COLLECTED DATA:
....................

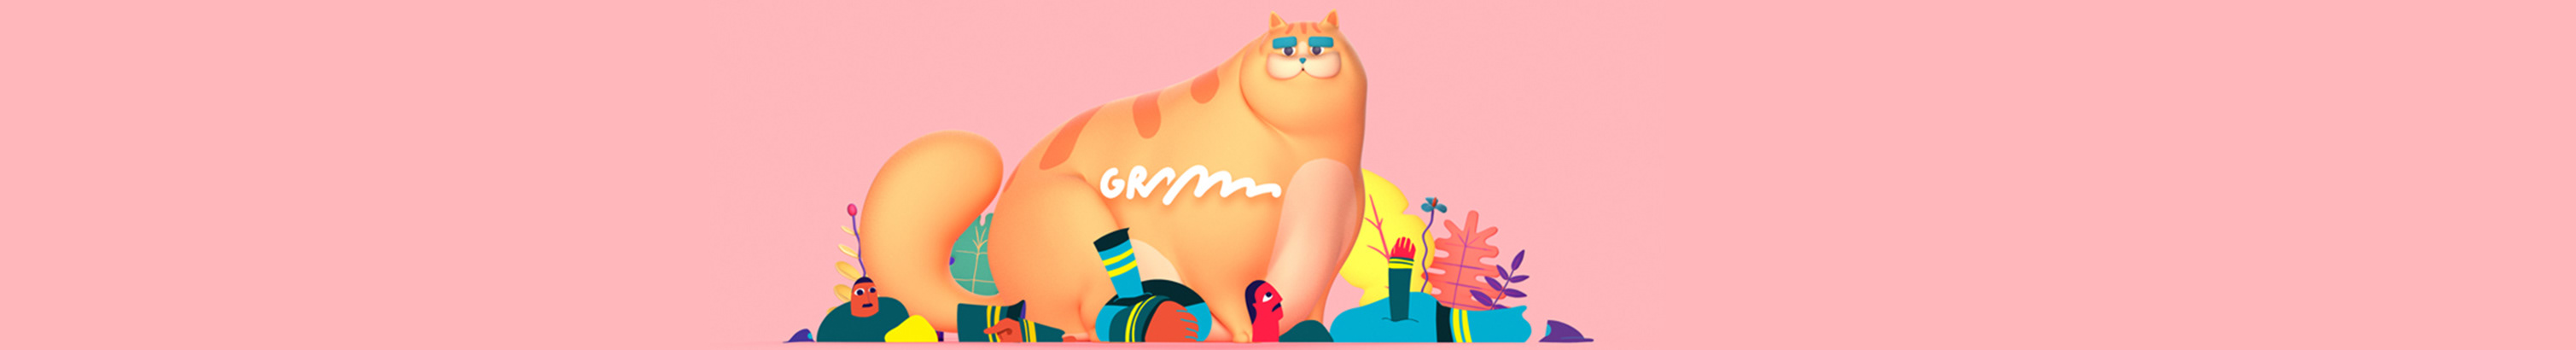 GRAMM Studio's profile banner
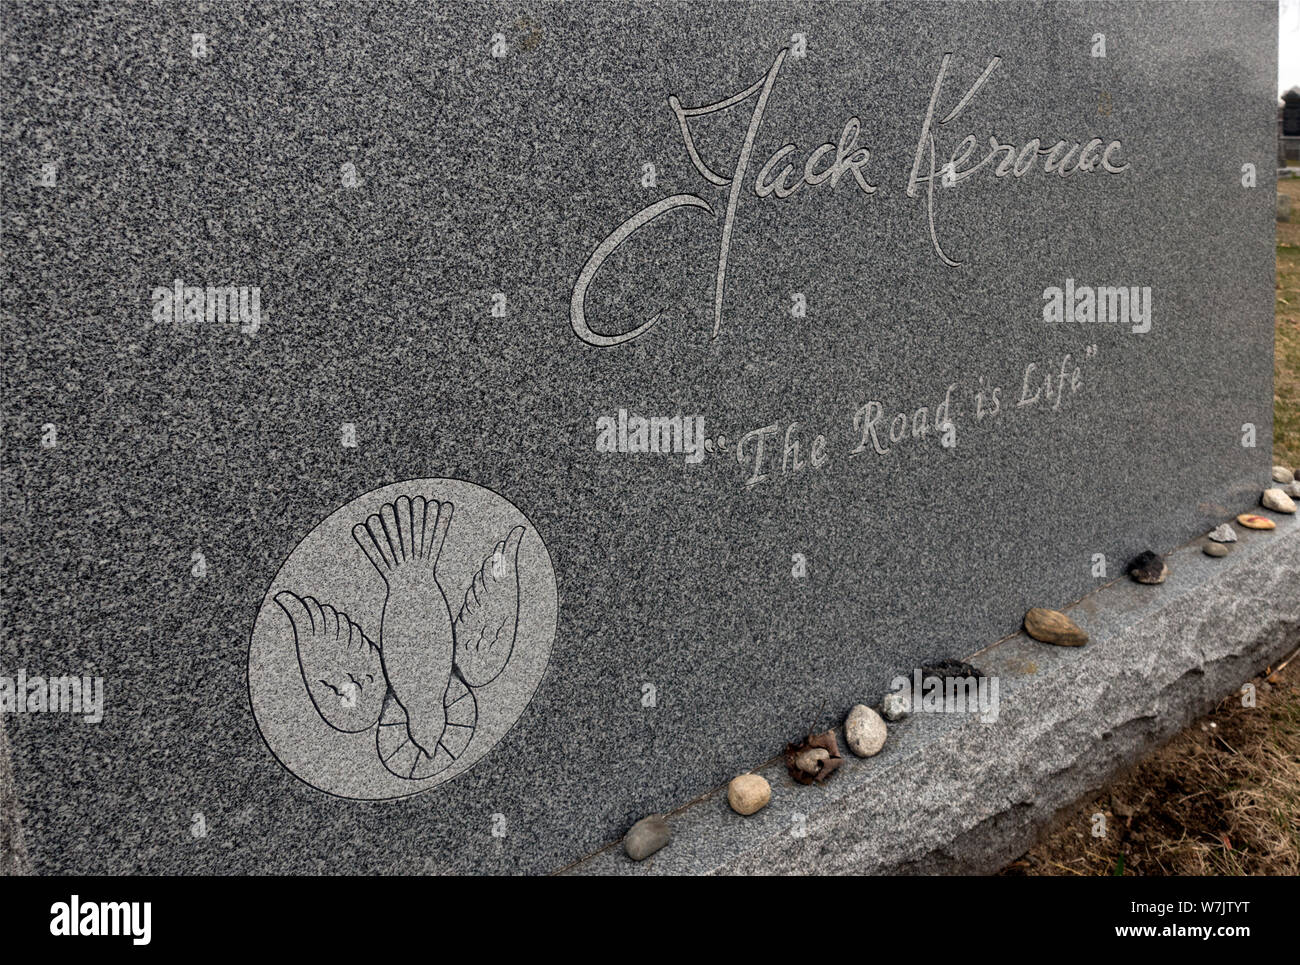 Jack Kerouac lapide in Lowell MA Foto Stock
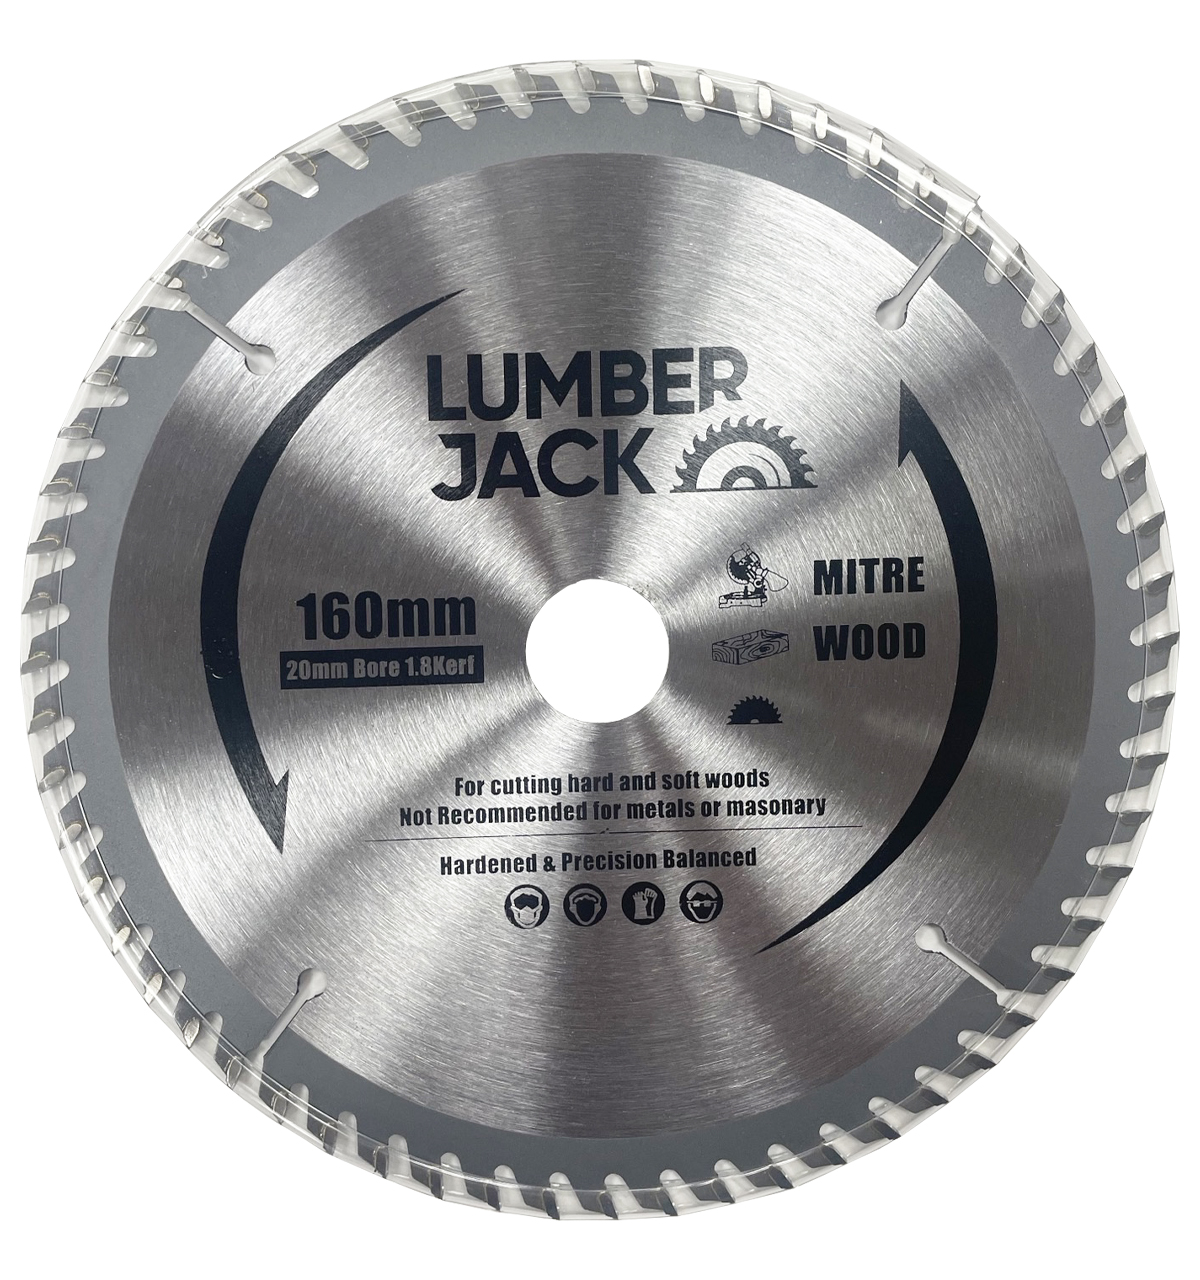 Lumberjack 160mm 36T Trade Circular Saw Blades 20mm Bore
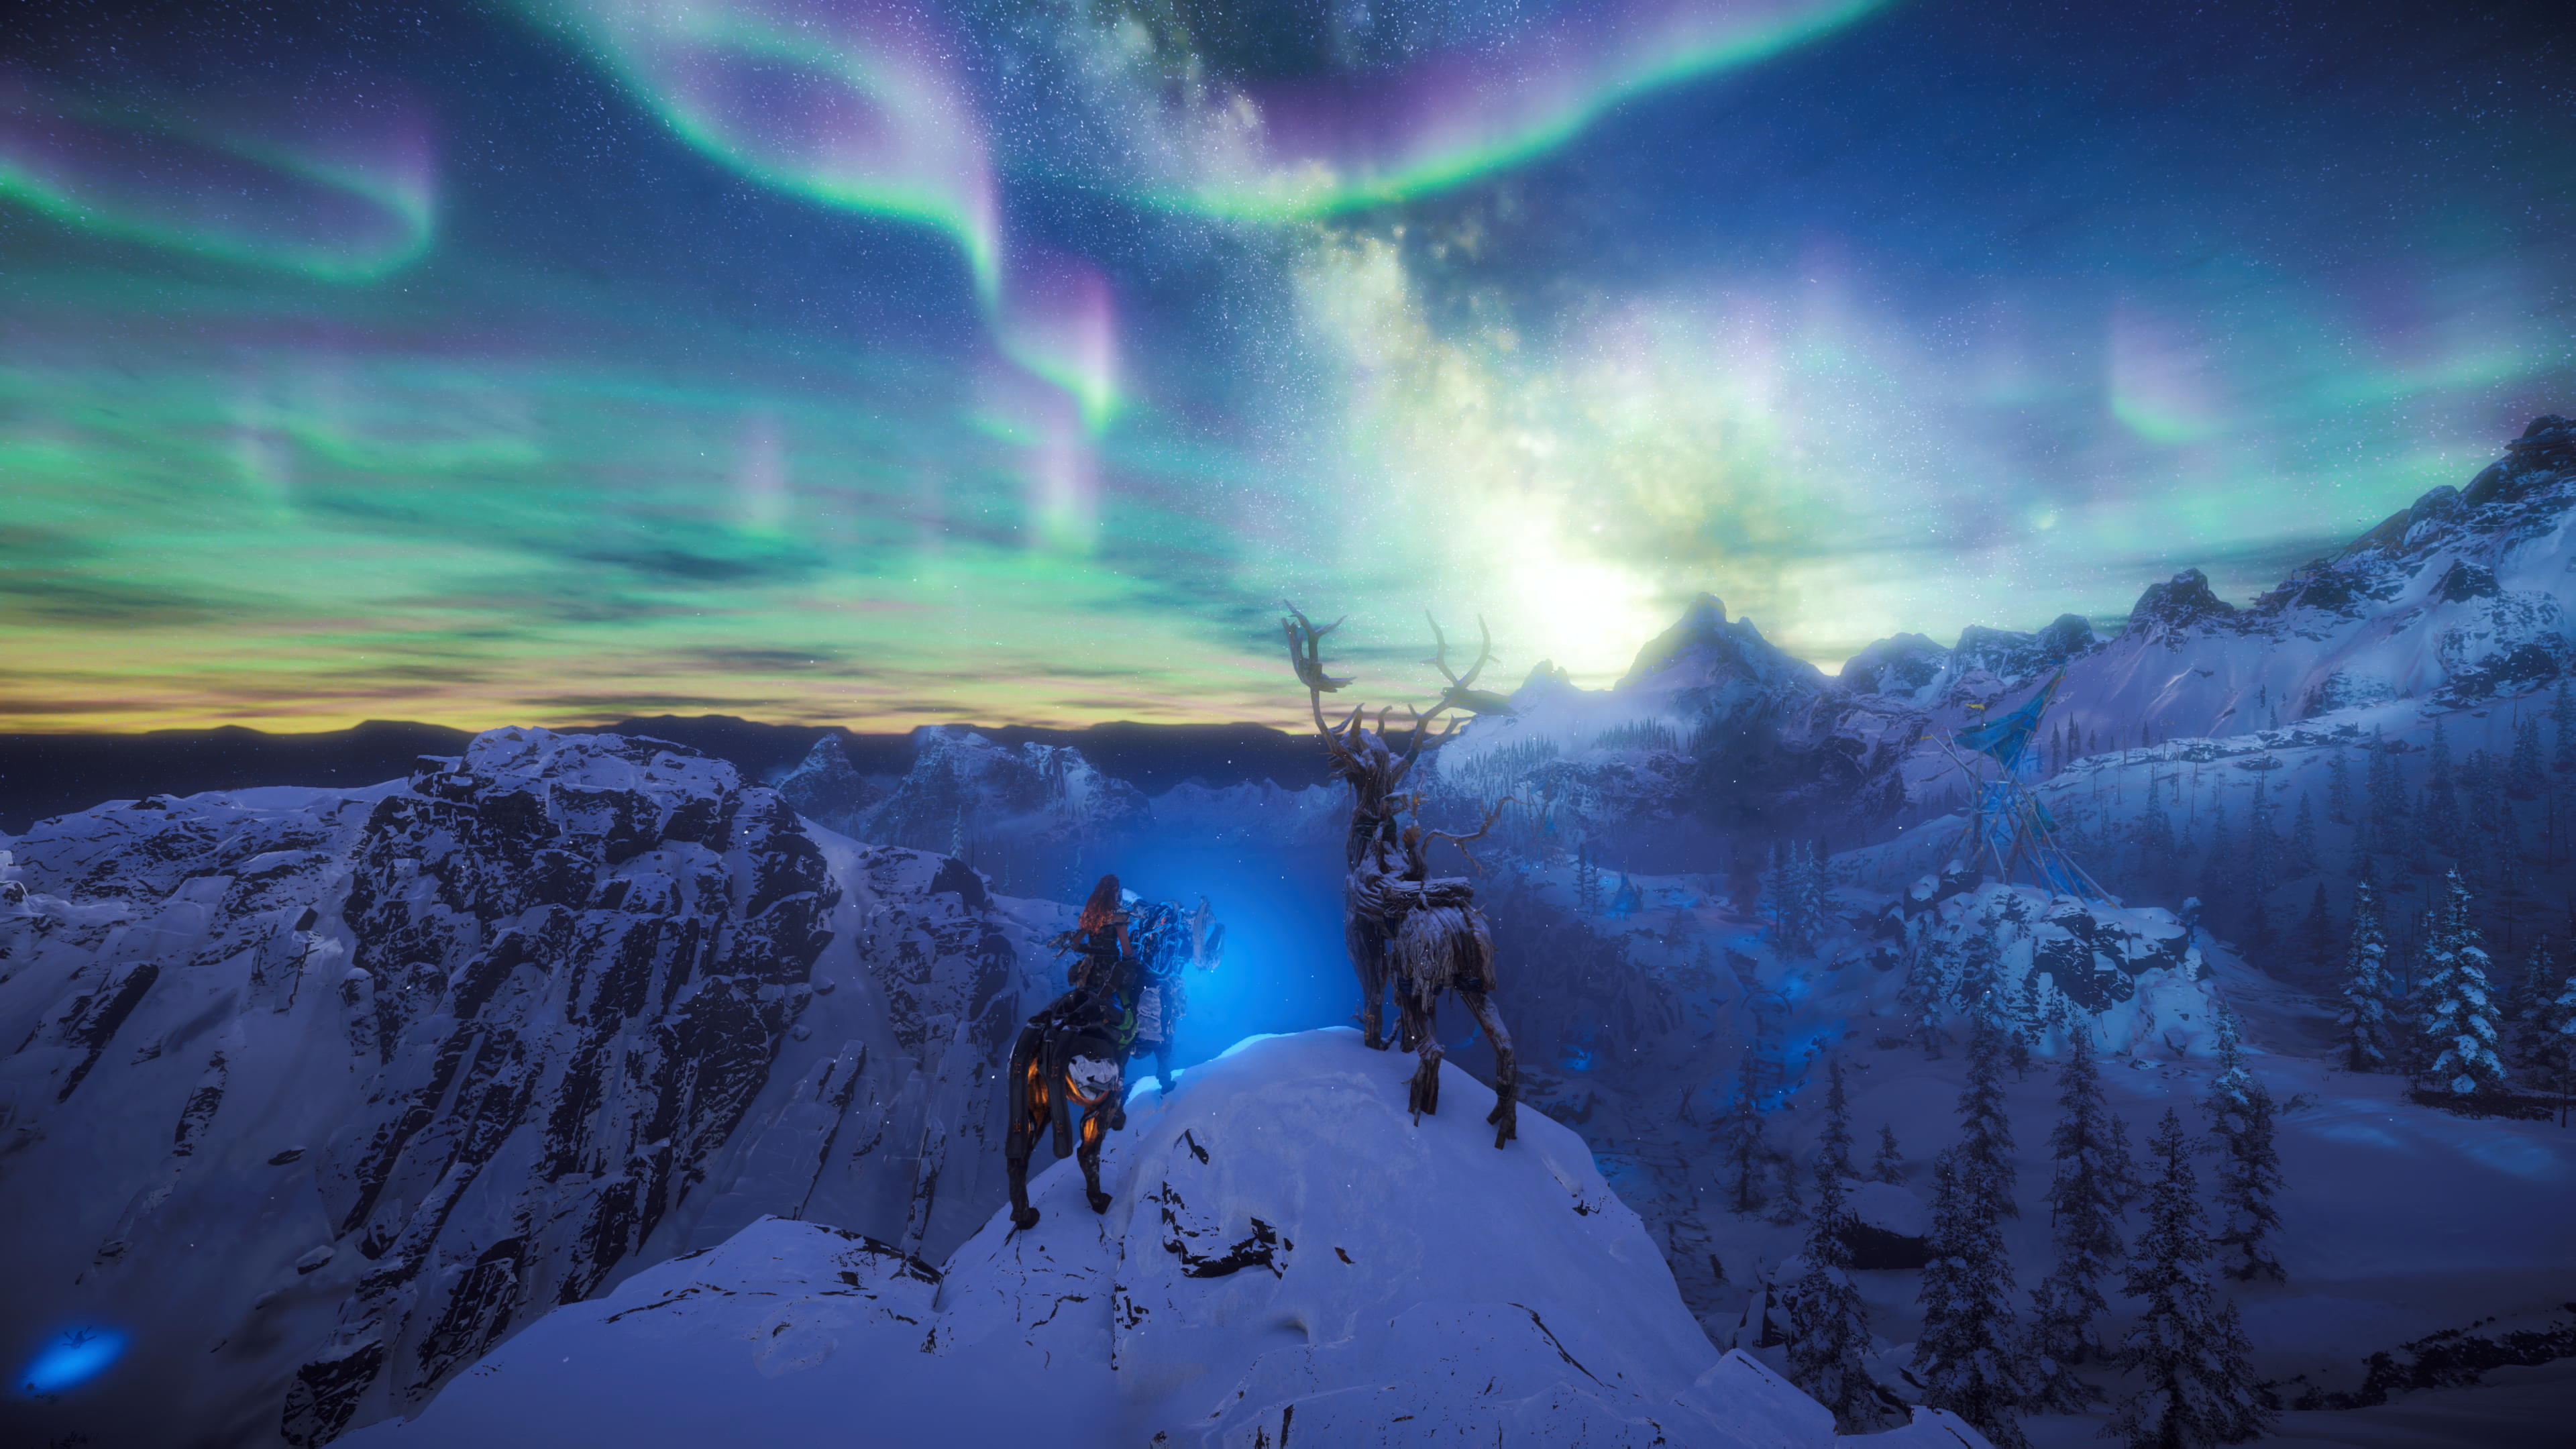 Horizon Zero Dawn: The Frozen Wilds][Screenshot] Well the game

....................

WHAT IS REQUIRED:
Provide the listing above once more, exactly, with the pictures removed.

FINISHED EXERCISE:
 GRAMM Studio's profile banner
 Jack Kerouac lapide in Lowell MA Foto Stock
 Lumberjack 160mm 36T Trade Circular Saw Blades 20mm Bore
 Horizon Zero Dawn: The Frozen Wilds][Screenshot] Well the game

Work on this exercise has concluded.